Αρχειοθήκη ιστολογίου

Σάββατο 9 Φεβρουαρίου 2019

Outcomes and cost implications of microvascular reconstructions of the head and neck

Abstract

Background

Critical review of current head and neck reconstructive practices as related to free flap donor sites and their impact on clinical outcomes and cost.

Methods

Retrospective multicenter review of free tissue transfer reconstruction of head and neck defects (n = 1315). Variables reviewed: defect, indication, T classification, operative duration, and complications. A convenience sample was selected for analysis of overall (operative and inpatient admission) charges per hospitalization (n = 400).

Results

Mean charges of hospitalization by donor tissue: radial forearm free flap (RFFF) $127 636 (n = 183), osteocutaneous RFFF (OCRFFF) $125 456 (n = 70), anterior lateral thigh $133 781 (n = 54), fibula $140 747 (n = 42), latissimus $208 890 (n = 24), rectus $169 637 (n = 18), scapula $128 712 (n = 4), and ulna $110 716 (n = 5; P = .16). Mean operative times for malignant lesions stratified by T classification: 6.9 hours (±25 minutes) for T1, 7.0 hours (±16 minutes) for T2, 7.3 hours (±17 minutes) for T3, and 7.8 hours (±11 minutes) for T4 (P < .0001).

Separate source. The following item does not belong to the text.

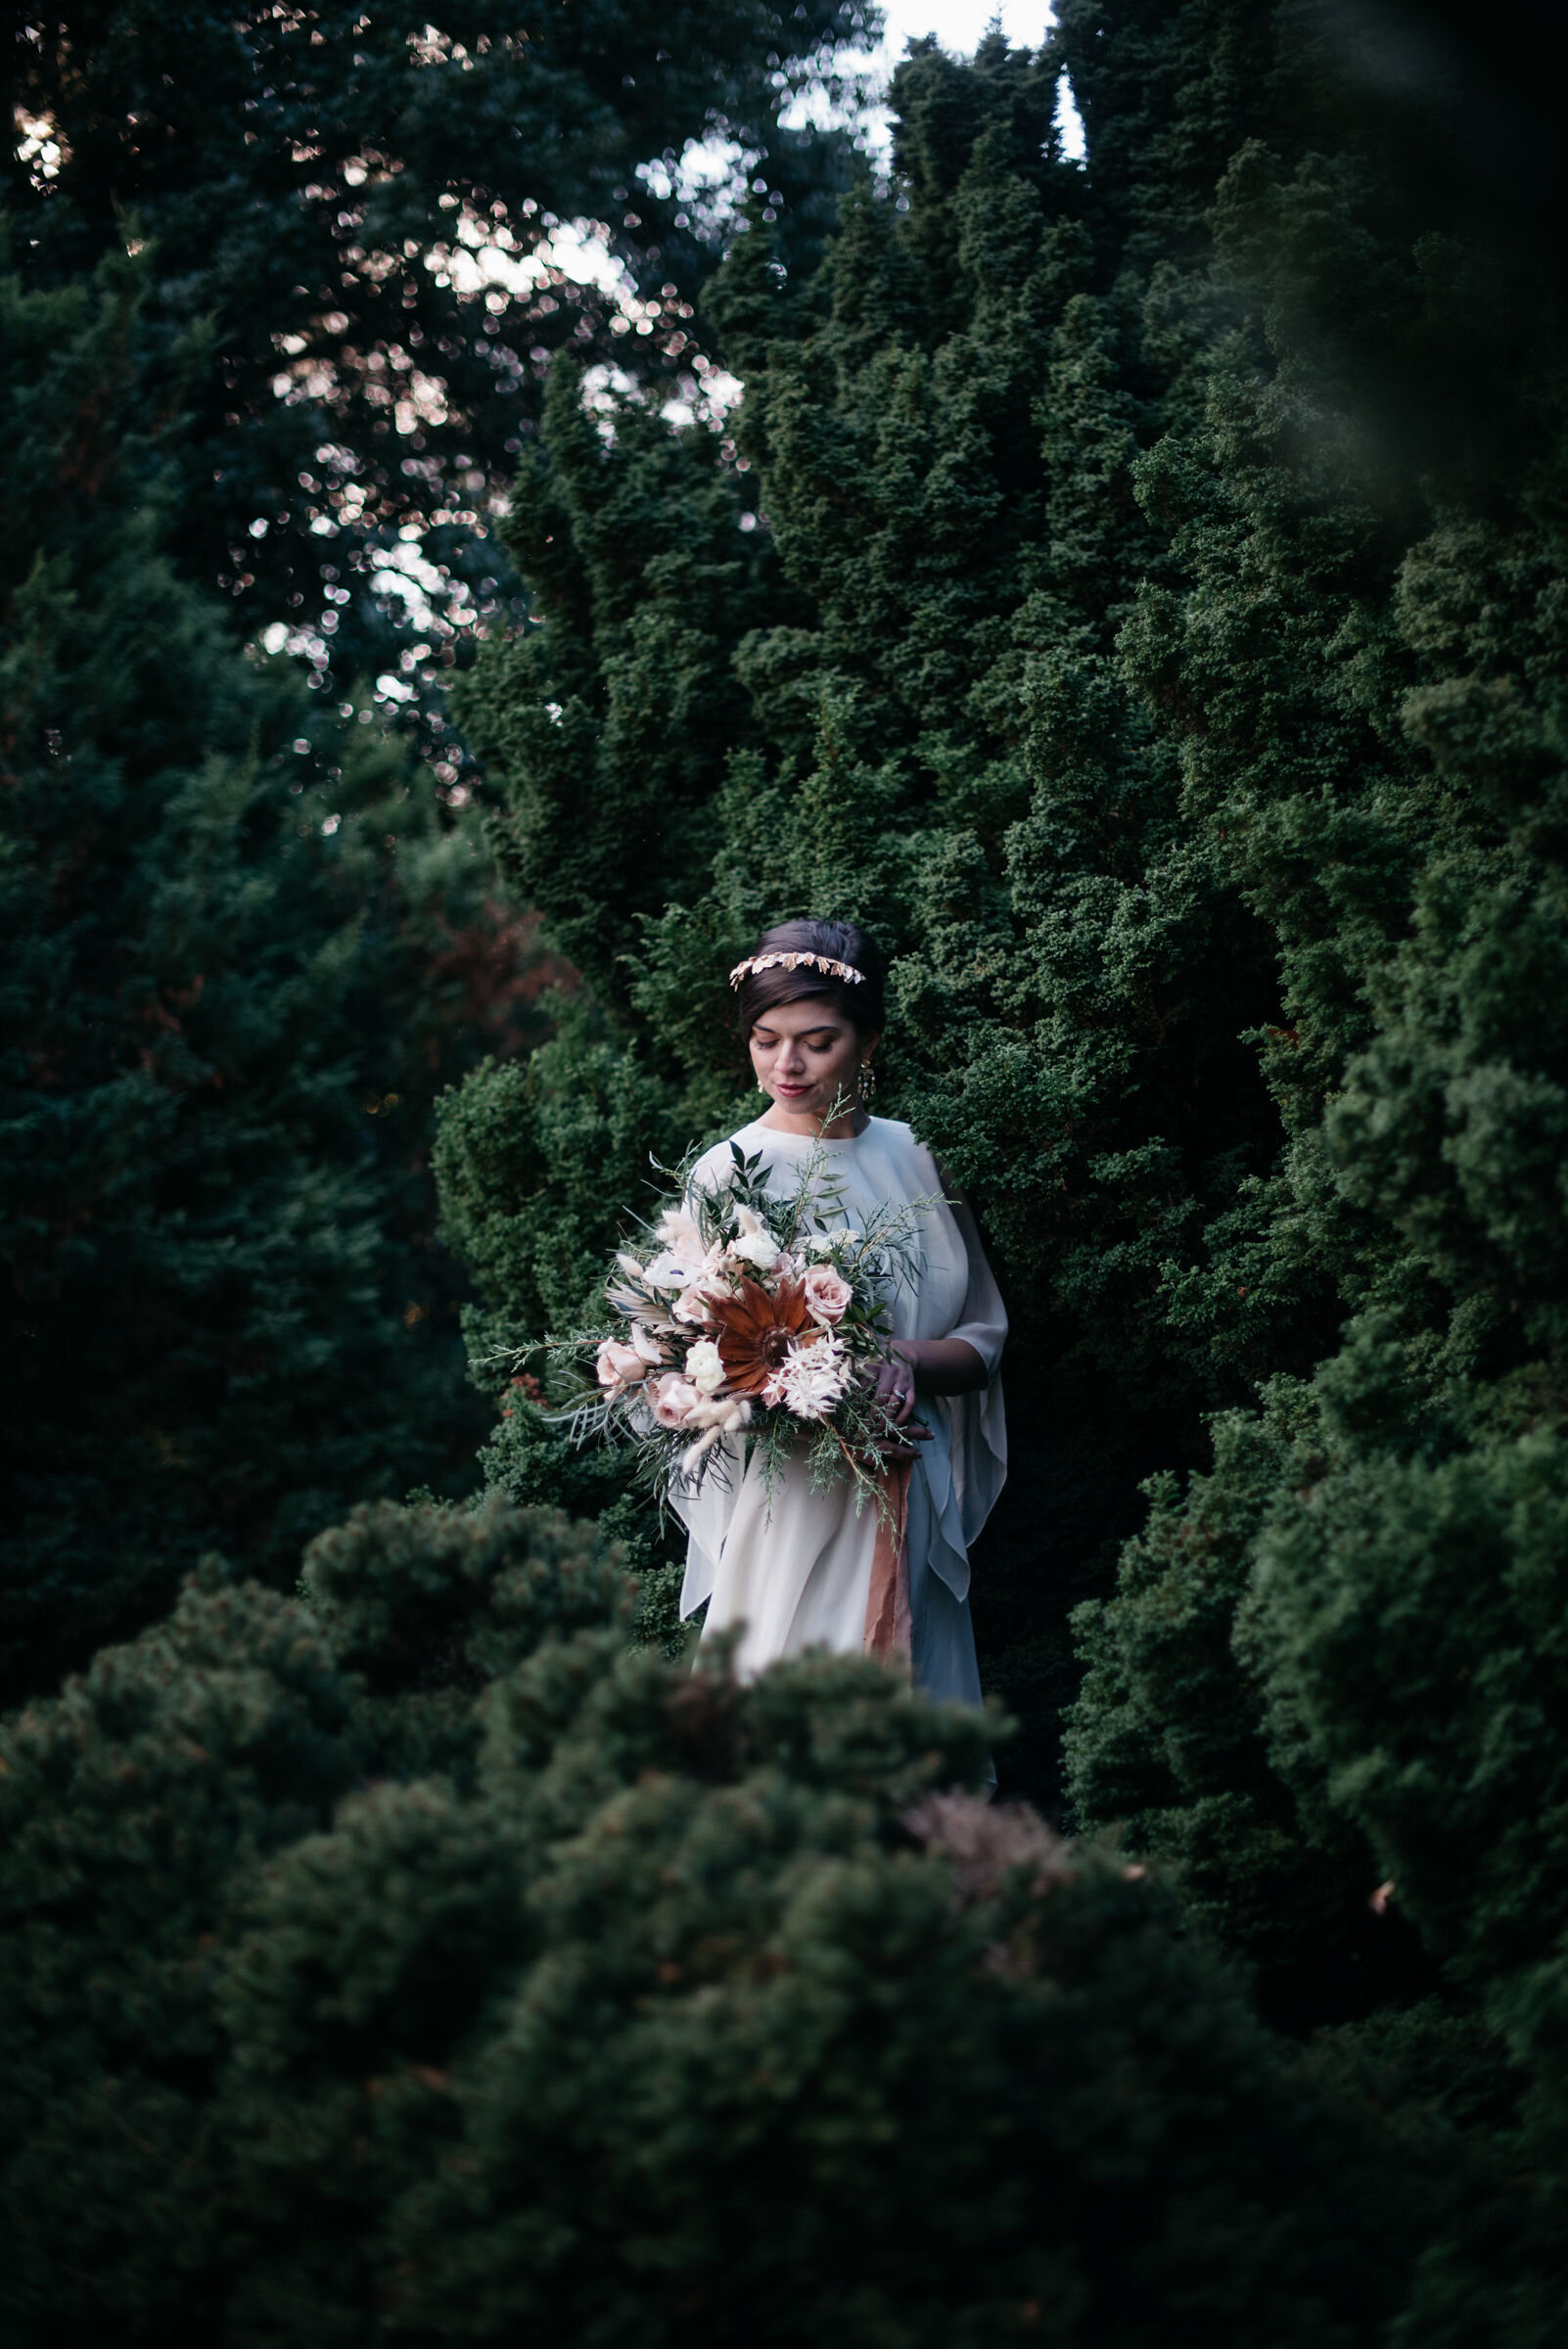 Botanica-winter wedding-bridal bouquet-yew dell gardens wedding-louisville wedding florist.jpg

Complications correlated with differences in mean charges: minor surgical ($123 720), medical ($216 387), and major surgical ($169 821; P < .001). Operations for advanced malignant lesions had higher mean charges: T1 lesions ($106 506) compared to T2/T3 lesions ($133 080; P = .03) and T4 lesions ($142 183; P = .02). On multivariate analysis, the length of stay, operative duration, and type a postoperative complication were factors affecting overall charges for the hospitalization (P < .018).

Conclusion

Conclusion: The RFFF and OCRFFF had the lowest complication rates, length of hospitalization, duration of operation, and mean charges of hospitalization. Advanced stage malignant disease correlated with increased hospitalization length, operative time, and complication rates resulting in higher hospitalization charges.